Please see my response to Question 6(b).
7. In 2014, you served as counsel of record on Texas’s motion for a preliminary injunction to prevent the implementation of the Deferred Action for Parental Accountability (DAPA) program and to prevent the expansion of the Deferred Action for Childhood Arrivals (DACA) program. You argued that a preliminary injunction was needed in part because the implementation of DAPA and expansion of DACA would both cause “irreparable injuries” to Texas and other states, in part by “legaliz[ing] the presence of 4 million people.” (Plaintiffs’ Motion for Preliminary Injunction & Memorandum in Support, Texas v. United States, 86 F. Supp. 3d 591 (S.D. Tex. 2015), 2014 WL 7497774.)
a. As counsel of record, did you choose which arguments would be included in this preliminary injunction?
The motion for a preliminary injunction and the memorandum in support of that motion were filed on behalf 17 states; after that motion and memorandum were filed, several other states joined the litigation as plaintiffs. Numerous lawyers for the various states contributed to the motion and the materials supporting it in various ways and at various times over the course of the litigation. The specific ways those attorneys contributed to the states’ shared litigation position are protected by several privileges, including the attorney- client privilege.
b. Please identify the “irreparable injuries” to the State of Texas if parents of U.S.- citizen children are legally present in this country.
In the passage of the motion quoted above, the plaintiff states raised several legal arguments to support the second prong of the preliminary injunction standard and the plaintiffs’ standing under Article III of the U.S. Constitution. Those arguments appear on pages 25-28 of the memorandum in support of plaintiffs’ motion for a preliminary injunction, and on pages 42-65 of the reply in support of that motion. Those page ranges also include citations to the preliminary-injunction appendix, which includes additional support for the plaintiff states’ legal arguments.

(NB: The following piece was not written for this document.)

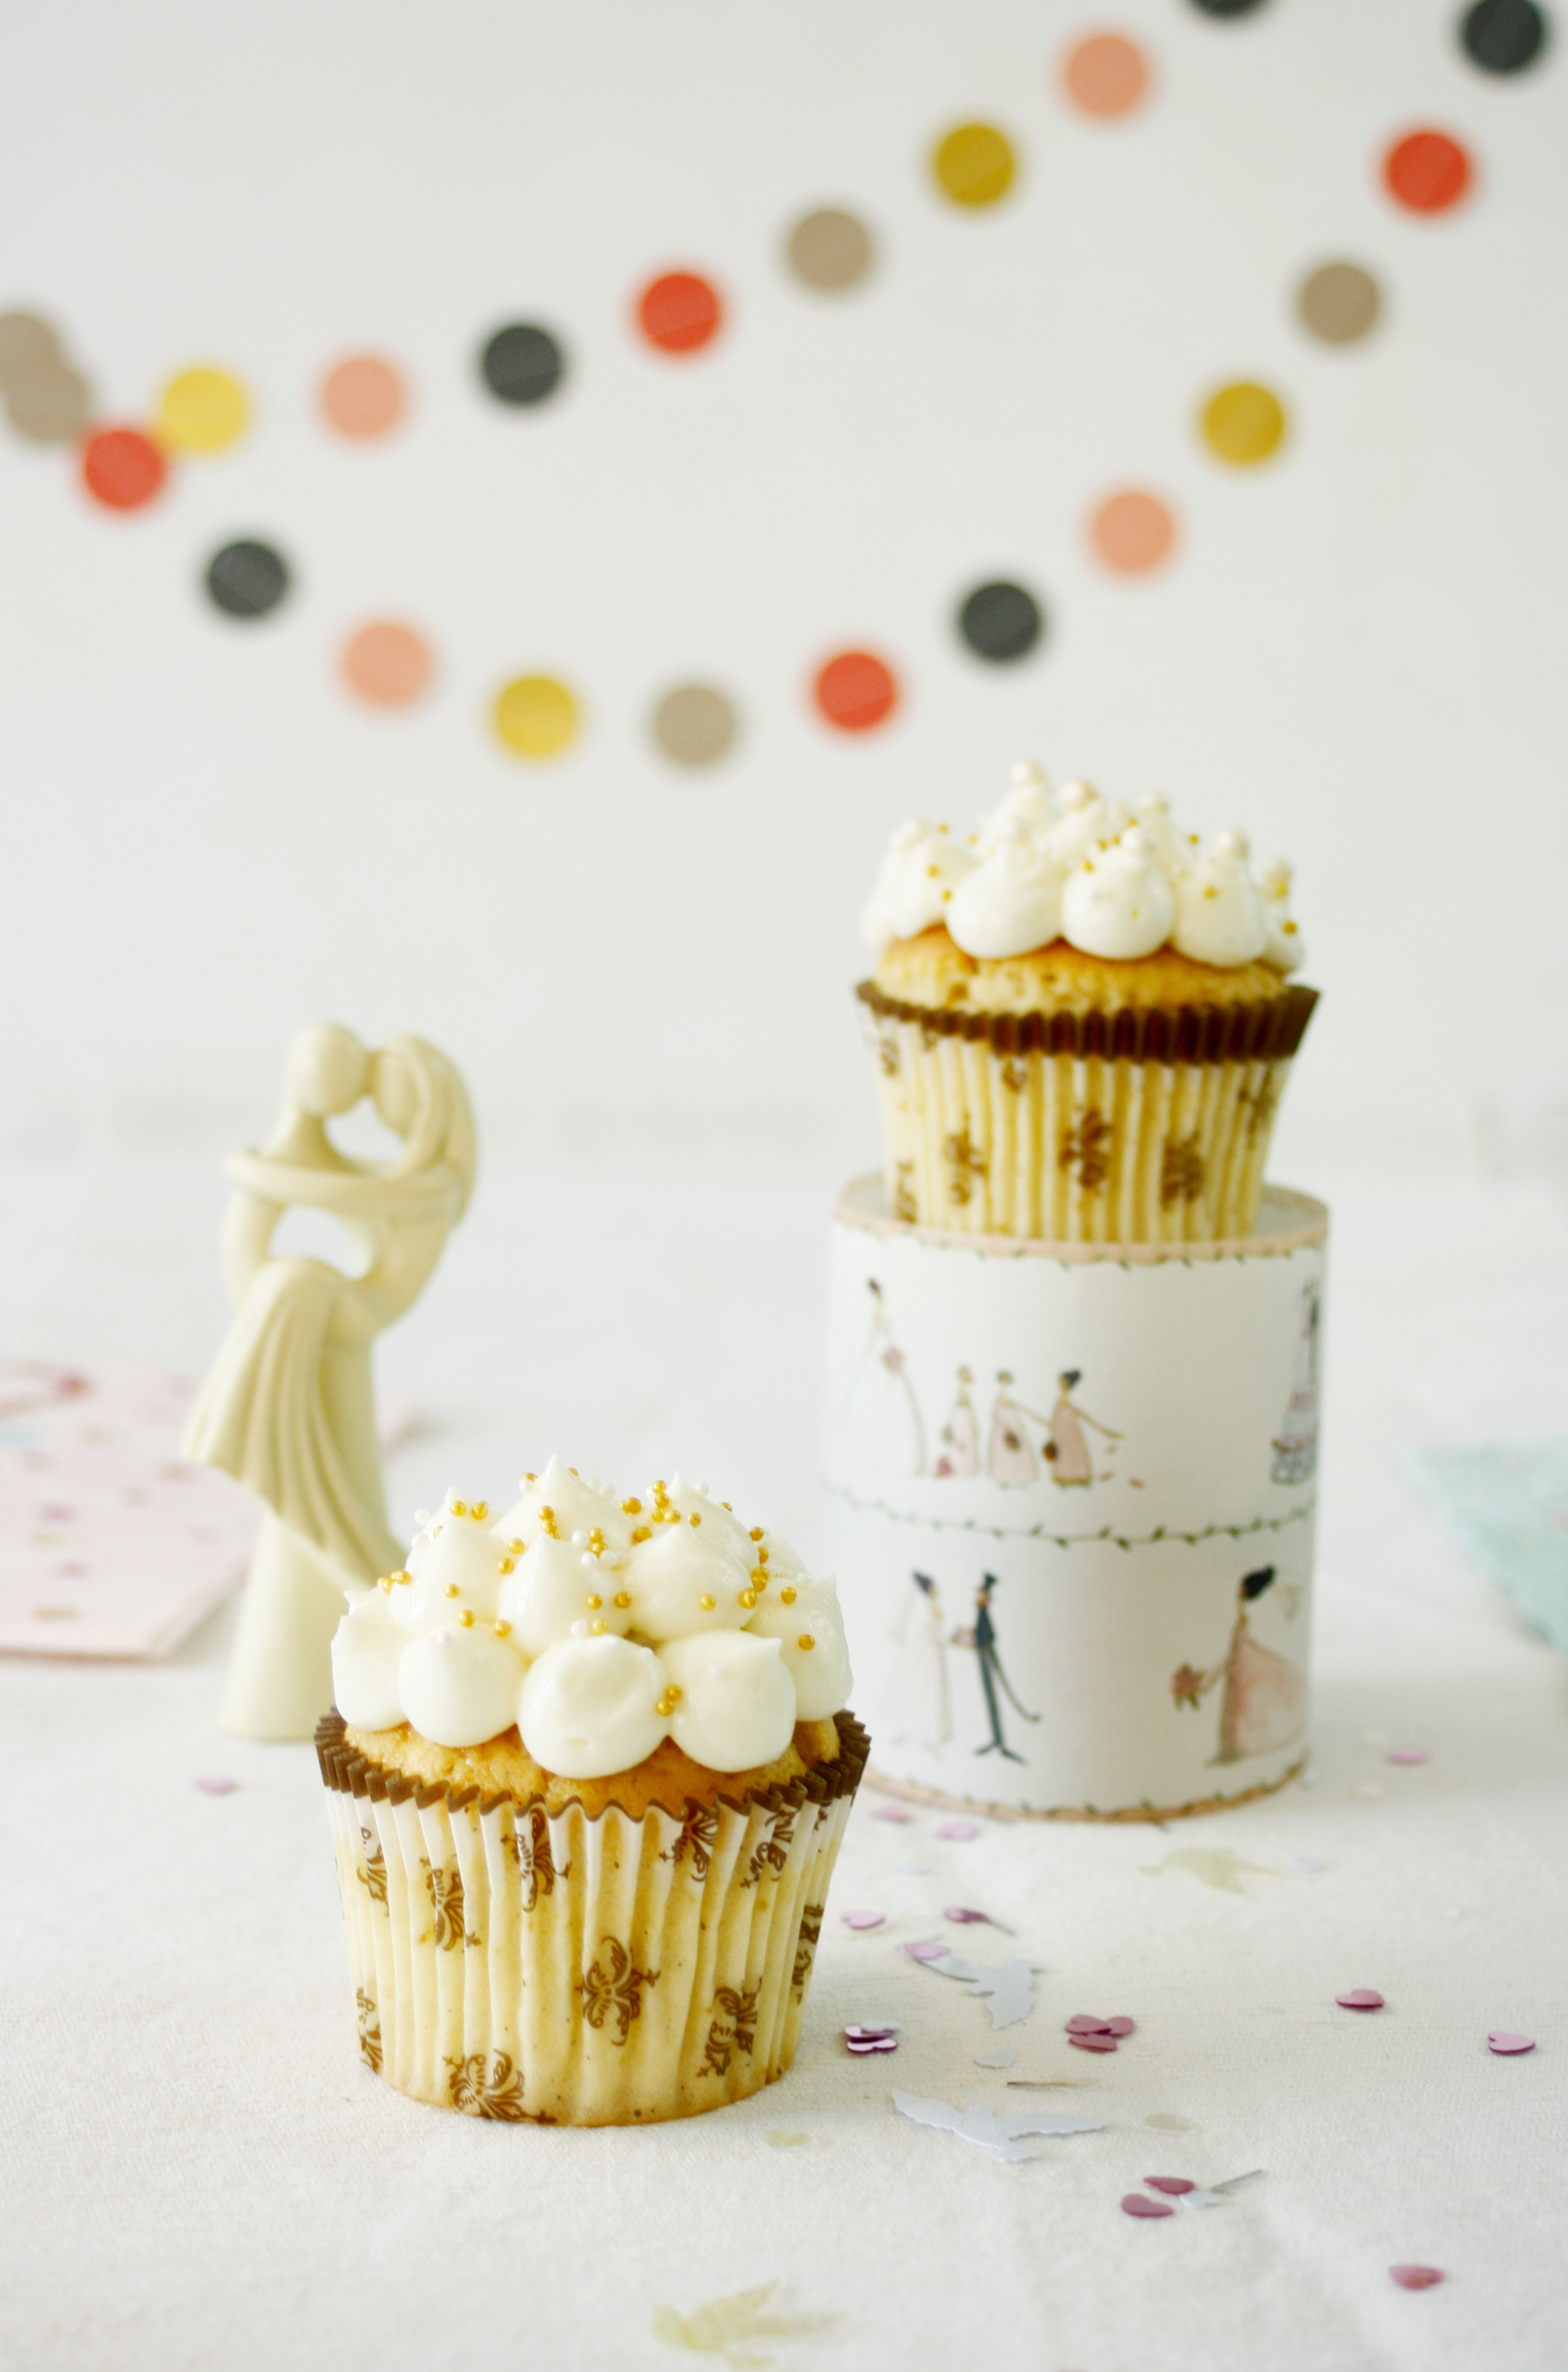 Sweet Table mit Kokos Cupcakes // Cupcakes with coconut by http://babyrockmyday.com/kokos-cupcakes/0
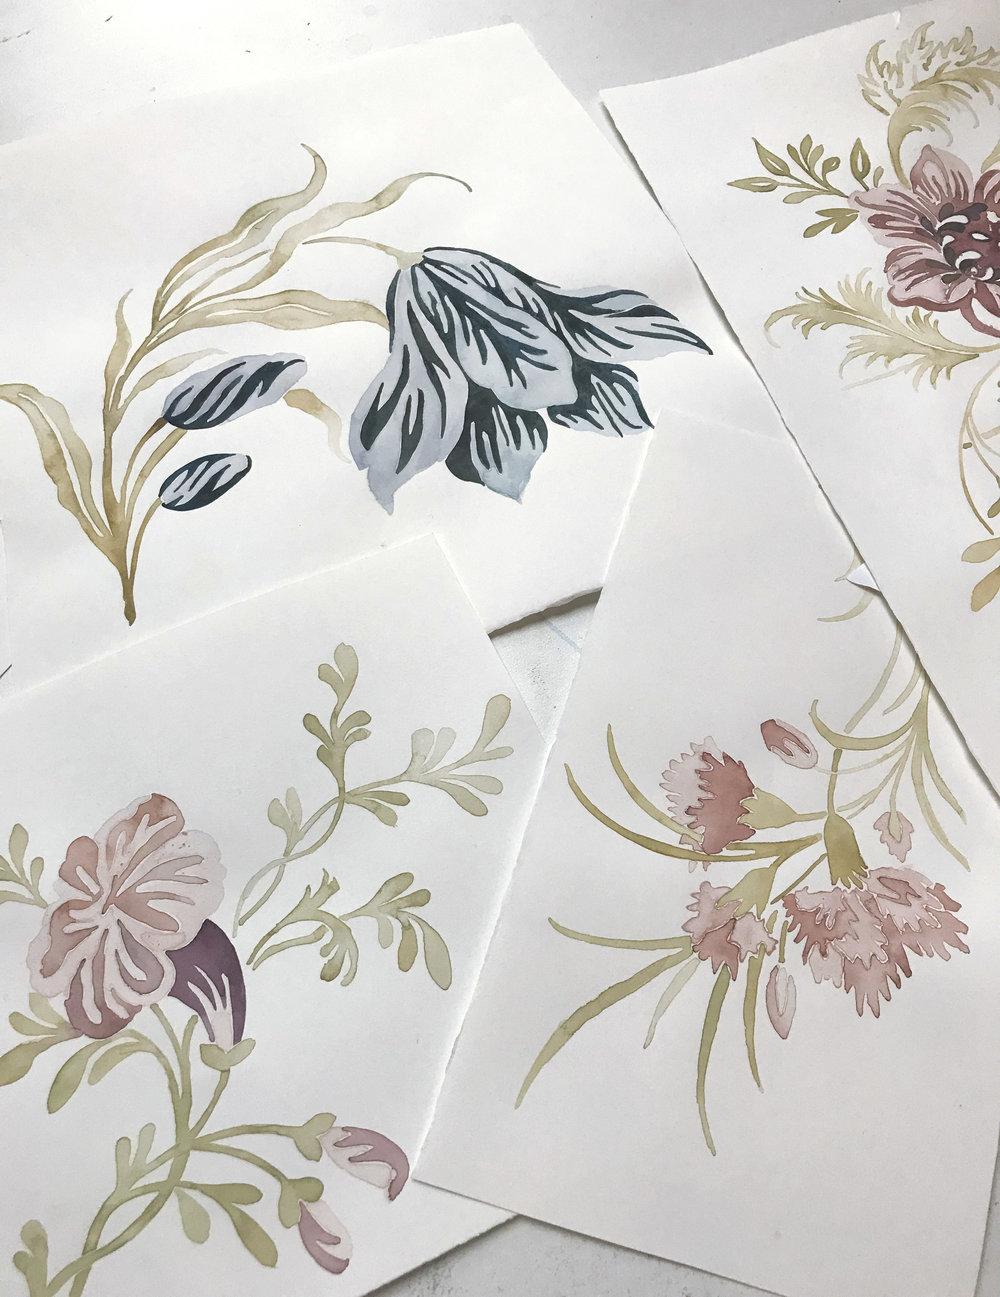 Watercolor Floral process 2

8. In 2013, as Deputy Solicitor General of Texas, you helped defend HB2, a Texas law that severely restricted women’s access to reproductive healthcare. A Fifth Circuit brief with which you assisted argued in part that the Texas law “ensures that all Texas women seeking abortions will be treated by a physician who can ensure the highest standards of care in case of a medical emergency.” (Appellants’ Brief, Planned Parenthood of Greater Texas Surgical Health Services v. Abbott, 748 F.3d 583 (5th Cir. 2014), 2013 WL 6228857.)
This same law was struck down as unconstitutional by the Supreme Court. The Court’s opinion notes:
We have found nothing in Texas’ record evidence that…the new law advanced Texas’ legitimate interest in protecting women’s health.
We add that, when directly asked at oral argument whether Texas knew of a single instance in which the new requirement would have helped even one woman obtain better treatment, Texas admitted that there was no evidence in the record of such a case. (136 S. Ct. 2292, 2311–12 (2016).)
At the time you defended HB2, were you aware of any evidence indicating that the requirement resulted in better outcomes for women’s health? If so, please provide the evidence?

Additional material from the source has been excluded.